MONDONVILLE Isbé
View record and artist detailsRecord and Artist Details
Composer or Director: Jean-Joseph Cassanéa de Mondonville
Genre:
Opera
Label: Glossa
Magazine Review Date: 03/2017
Media Format: CD or Download
Media Runtime: 172
Mastering:
DDD
Catalogue Number: GCD924001
Tracks:
Composition | Artist Credit |
---|---|
Isbé |
Jean-Joseph Cassanéa de Mondonville, Composer
Alain Buet, Iphis, Baritone Artavazd Sargsyan, Tenor Blandine Folio Peres, La Mode; Cephise, Mezzo soprano Chantal Santon-Jeffery, La Volupte; Charite, Soprano György Vashegyi, Conductor Jean-Joseph Cassanéa de Mondonville, Composer Katherine Watson, Isbé, Soprano Márton Komáromi Orfeo Orchestra Purcell Choir Rachel Redmond, L'Amour; Clymene, Soprano Reinoud van Mechelen, Coridon, Tenor Thomas Dolié, Adamas, Baritone |
Author: Richard Lawrence
Mondonville and Rameau were rivals, as successors to the revered Lully; both were influenced by contemporary Italian composers. Isbé is in the prologue and five-act format of the tragédie-lyrique but the lovers are united at the end and nobody dies. The Prologue, set in the Tuileries gardens, has Voluptuousness and Cupid yielding to Fashion. How this relates to the action of the opera is unclear. The shepherd Coridon loves the shepherdess Isbé: she loves him too but refuses to acknowledge the fact despite their being crowned with flowers in a ceremony organised on behalf of the druid Adamas. When Isbé’s reluctance is reported to him, Adamas decides – after receiving ambiguous advice from a forest god – to offer marriage. By Act 4, Isbé has decided to confess her love, but Coridon is determined to die. Balked of his wedding, Adamas utters dire threats but immediately repents and blesses the couple. Other complications include an attempt on Coridon’s virtue by Charité, and Isbé seeking and then rejecting the assistance of the sorceress Céphise.

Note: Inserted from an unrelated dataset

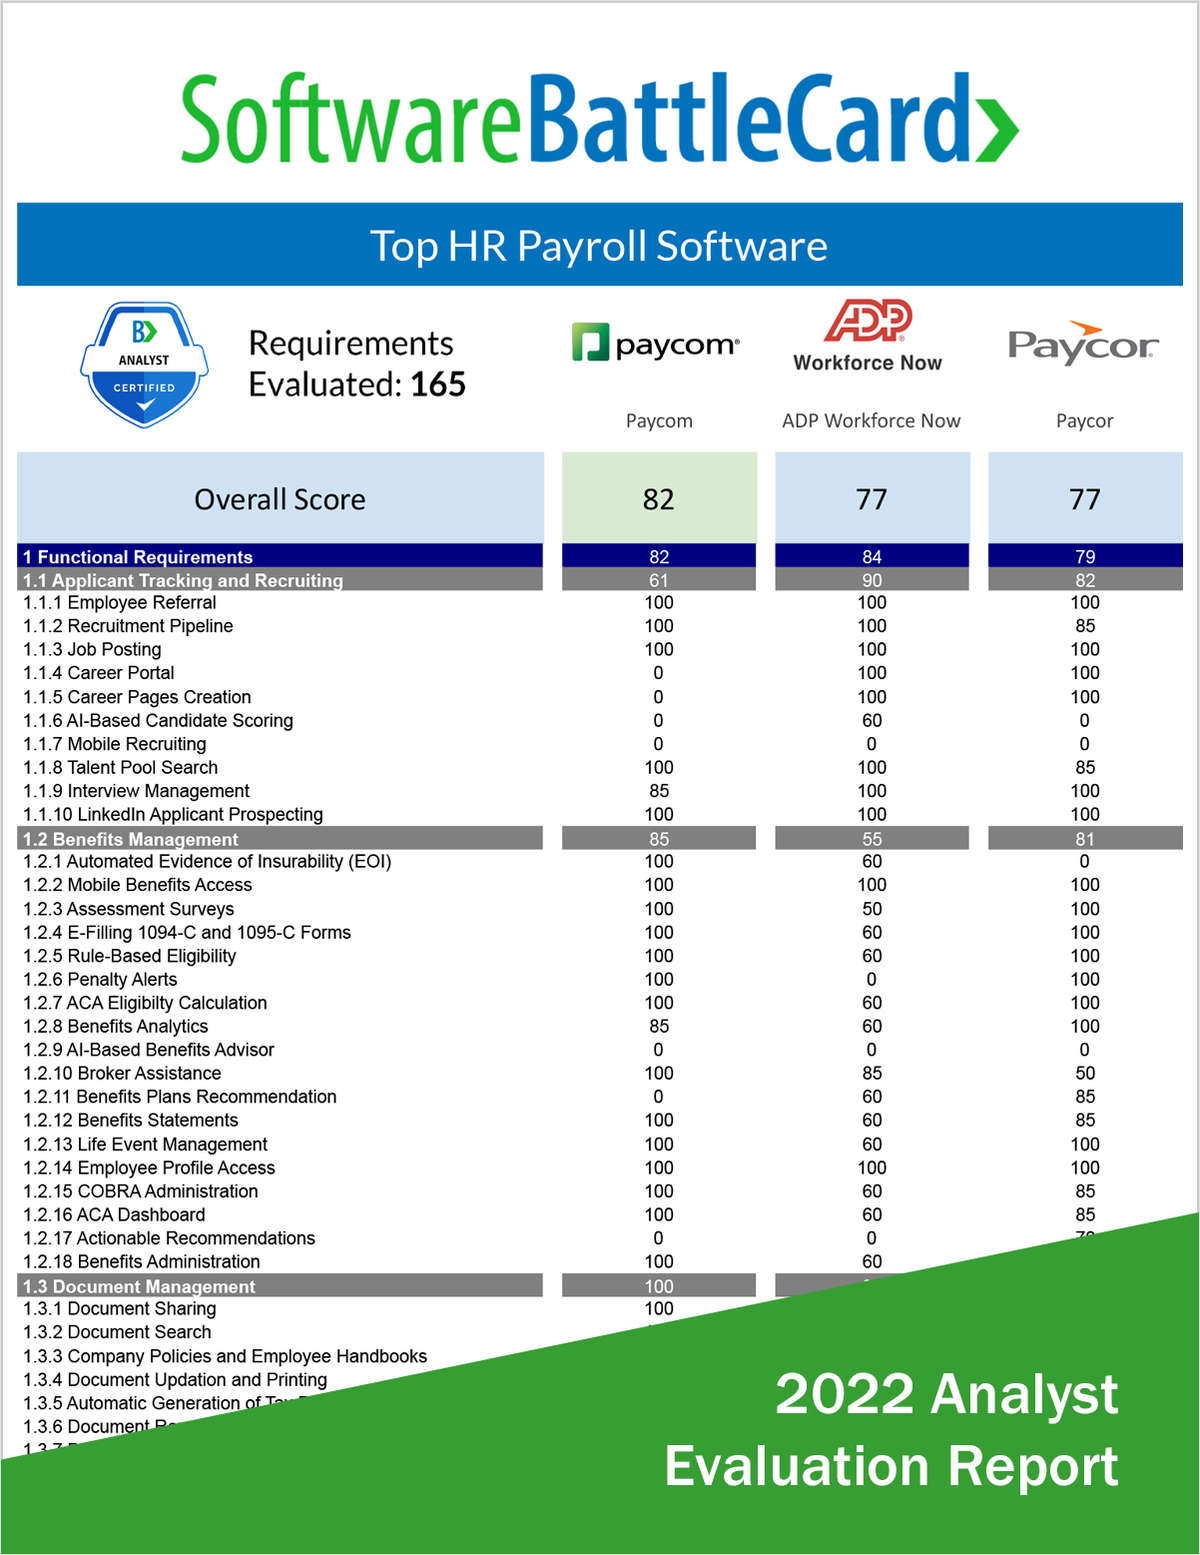 Top HR Payroll Software--Paycom vs. ADP Workforce Now vs. Paycor

The score consists of the usual succession of recitatives, airs, choruses and dances, with a couple of duets for the lovers. Many of the numbers are brief – the hour-long disc 1 contains 37 tracks – but where Mondonville allows himself to be expansive he writes music of real depth. Examples include the airs for Isbé that open Acts 1 and 4, and Adamas’s air in Act 2. The orchestration is excellently varied: Charité and Céphise both have airs accompanied only by the upper strings, while sombre cellos elsewhere recall the bass viols of Charpentier’s La descente d’Orphée aux Enfers. Flutes, oboes and bassoon all have moments of glory, some of them possibly attributable to necessary editorial work done by Vashegyi and others.
Katherine Watson as the rather tiresome Isbé is particularly heartfelt in ‘Laisse-moi soupirer’. As Coridon, Reinoud Van Mechelen manages the high tessitura with ease, and Thomas Dolié is a superb Adamas, surely the most interesting character along with Chantal Santon-Jeffery’s naughty Charité. The live recording sounds well, but for the near-inaudible harpsichord continuo.